Infinite sum help (geometric series)

[TheMightyJ]

Homework Statement

Well, the original question is to solve this ...

\sum 1/(a² + x²)

the sum goes from x=-infinity to infinity (i wasnt sure how to show this with the latex??)

and the answer i am supposed to show is \pi/a + (2*\pi/a) * (1/(e^2*\pi*a - 1)

Homework Equations

So, using Poisson resummation and some results from previous exercises, i get the new problem to being

\sum (\pi/a) * (e^-2*\pi*a*|v|)

the sum now from v=-infinity to infinity

The Attempt at a Solution

so i can split this into three.

the easy bit is to take the v=o part, this gives me the \pi/a required in the answer.

then i have two parts, the sum with v=1 to infinity and the sum with v=-infinity to -1

these two parts are identical, due to the |v|.

so i have 2*\sum (\pi/a) * (e^-2*\pi*a*|v|)

i can take the 2*\pi/a outside of the sum, as it has no v element.

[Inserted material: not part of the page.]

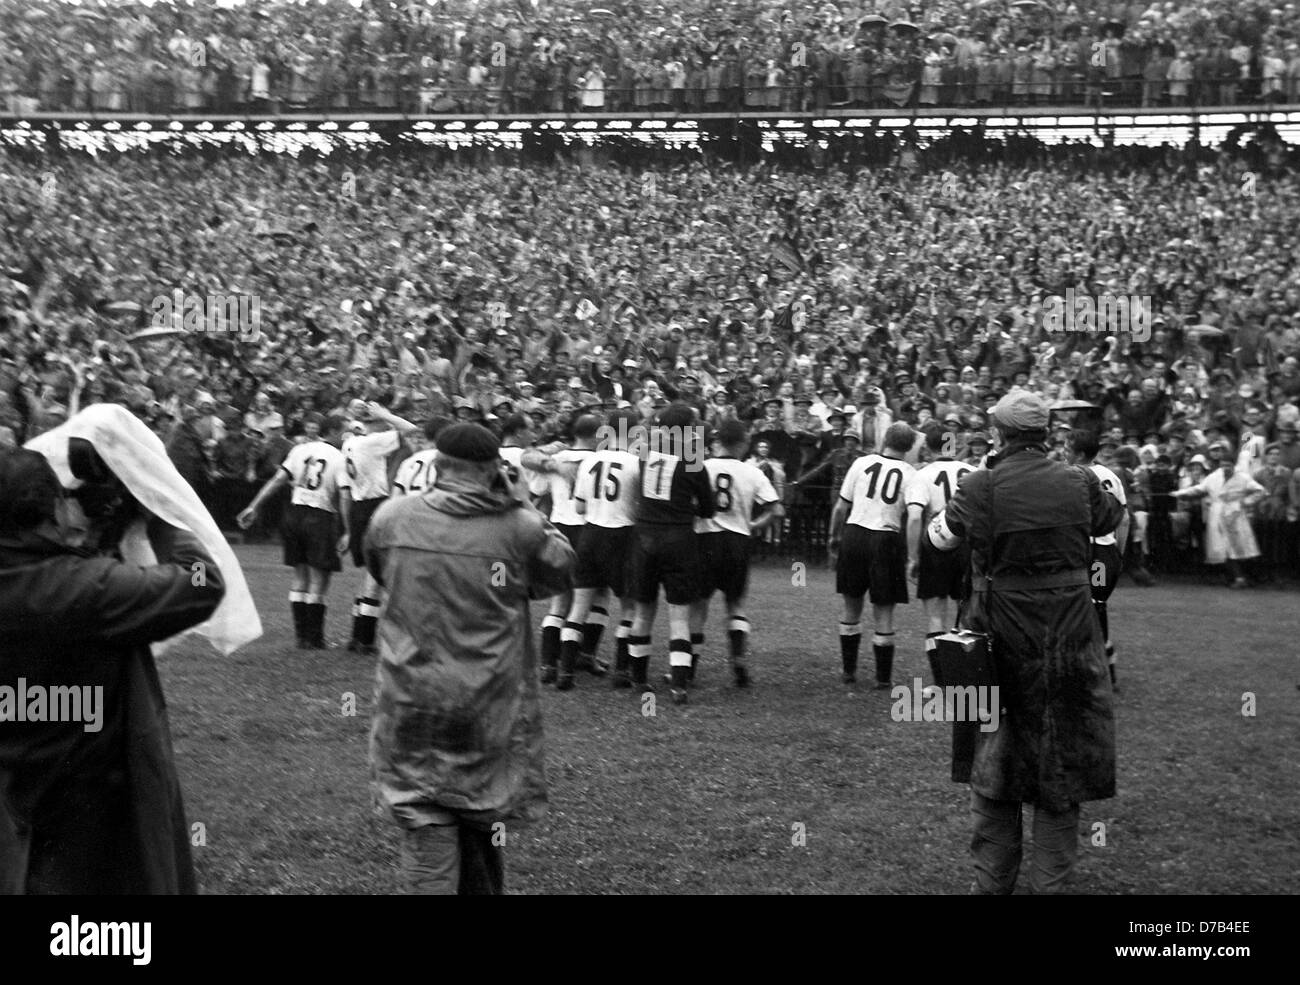 Il tedesco della nazionale di calcio vince la partita finale del campionato del mondo il 4 Luglio nel 1954 a Berna contro l'Ungheria con 3:2 davanti a 60.000 spettatori. La foto mostra i giocatori il tifo dopo il fischio finale (l-r) Max Morlock (13), Horst Eckel (6), Hans Schäfer (20), Jupp Posipal (7), Ottmar Walter (15), Toni Turek (1), Karl ami (8), Werner Liebrich (10) e Fritz Walter (16). Foto Stock

so now i am left having to show that

\sum (e^-2*\pi*a*|v|) = (1/(e^2*\pi*a - 1)

which, i realize is just a (i think) simple geometric series sum ... and yet I am not sure how to show these two equate?

any help would be brilliant, thank you.

 

[Dick]

The sum from 0 to infinity is 1/(1-exp(-2*pi*a)), geometric series, right? So the sum from 1 to infinity is [1/(1-exp(-2*pi*a))]-1. Do some algebra including multiply numerator and denominator by exp(2*pi*a).

 

[tiny-tim]

Hi TheMightyJ!

(have a pi: π and an infinity: ∞ and a sigma: ∑ )

With LaTeX, it's \sum_{-\infty}^{\infty}, and without, it's just ∑_-∞^∞

 

[TheMightyJ]

Thanks to both of you :0) much appreciated.